Visual Simultaneous Localization and Mapping (vSLAM) is a widely used technique in robotics and computer vision that enables a robot to create a map of an unfamiliar environment using a camera sensor while simultaneously tracking its position over time. In this paper, we propose a novel RGBD vSLAM algorithm that can learn a memory-efficient, dense 3D geometry, and semantic segmentation of an indoor scene in an online manner. Our pipeline combines classical 3D vision-based tracking and loop closing with neural fields-based mapping. The mapping network learns the SDF of the scene as well as RGB, depth, and semantic maps of any novel view using only a set of keyframes. Additionally, we extend our pipeline to large scenes by using multiple local mapping networks. Extensive experiments on well-known benchmark datasets confirm that our approach provides robust tracking, mapping, and semantic labeling even with noisy, sparse, or no input depth. Overall, our proposed algorithm can greatly enhance scene perception and assist with a range of robot control problems.

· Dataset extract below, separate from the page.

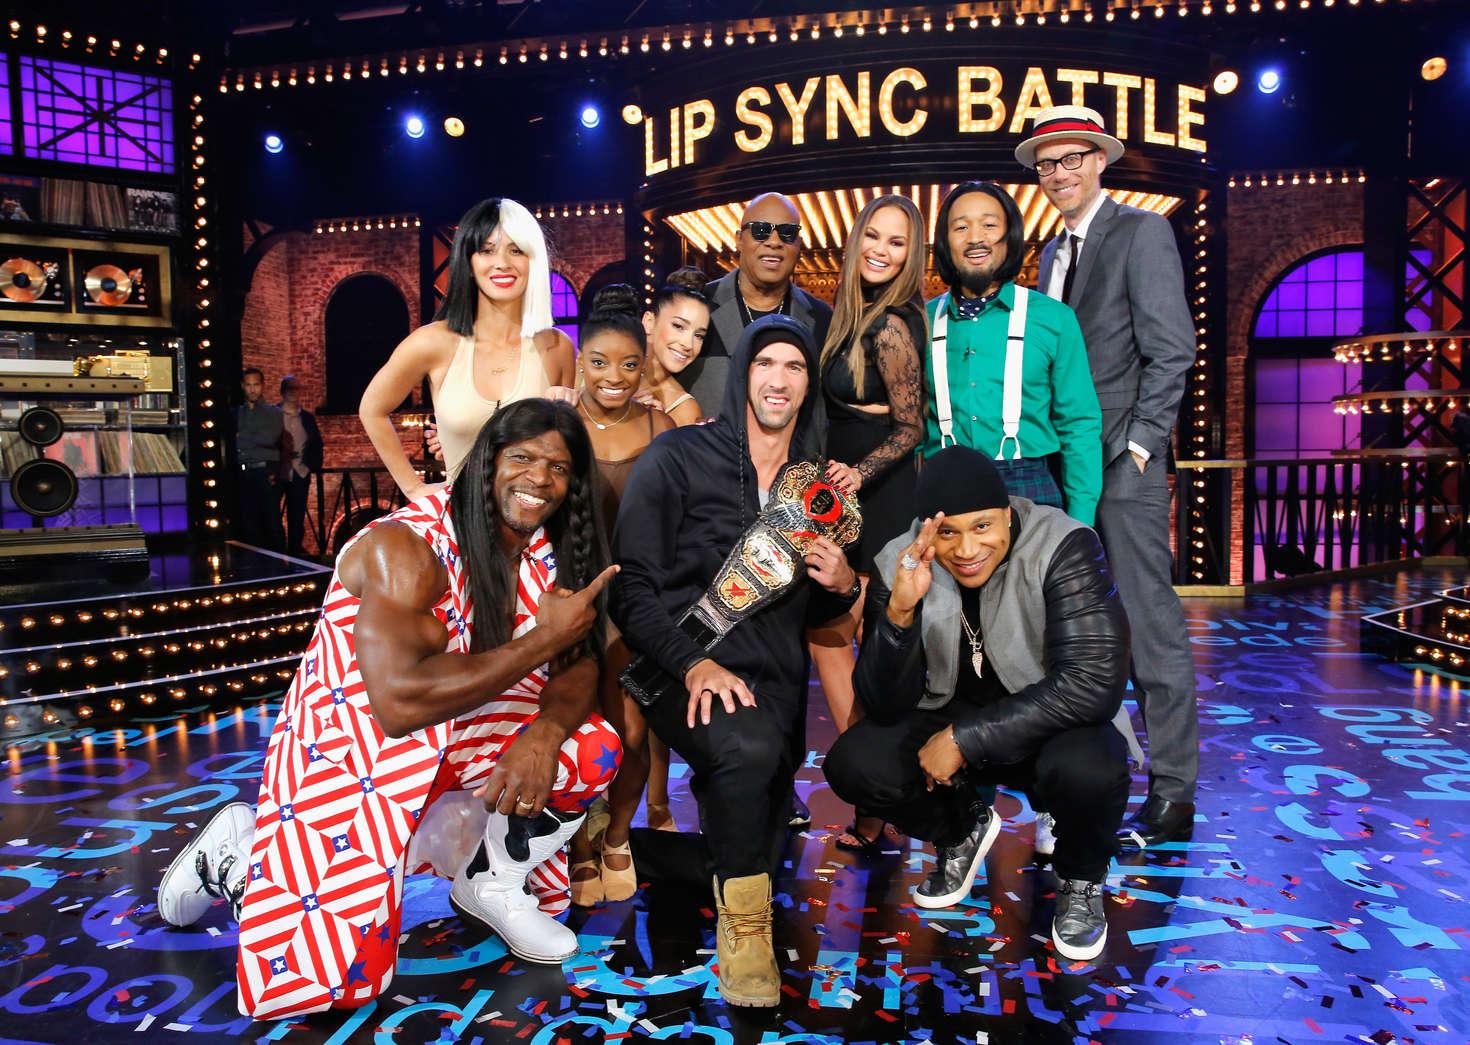 Olivia Munn 2016 : Olivia Munn Aly Raisman and Simone Biles: Lip Sync Battle All-Stars Live -11

翻译：视觉同步定位与地图构建（vSLAM）是机器人学和计算机视觉中广泛应用的技术，它使机器人在使用摄像头传感器探索陌生环境的同时，能够实时追踪自身位置并构建环境地图。本文提出一种新颖的RGBD vSLAM算法，能够以在线方式学习室内场景的内存高效稠密三维几何结构及语义分割。我们的流水线将基于经典三维视觉的追踪与闭环检测技术，同基于神经场的地图构建方法相结合。该地图构建网络仅利用一组关键帧，即可学习场景的有符号距离函数（SDF）以及任意新视角下的RGB图像、深度图和语义分割图。此外，通过采用多个局部地图构建网络，我们将流水线扩展至大规模场景。在主流基准数据集上的大量实验表明，即便在输入深度存在噪声、稀疏或缺失的情况下，本方法仍能实现稳健的追踪、地图构建与语义标注。总体而言，所提算法能够显著增强场景感知能力，为多种机器人控制问题提供有效支持。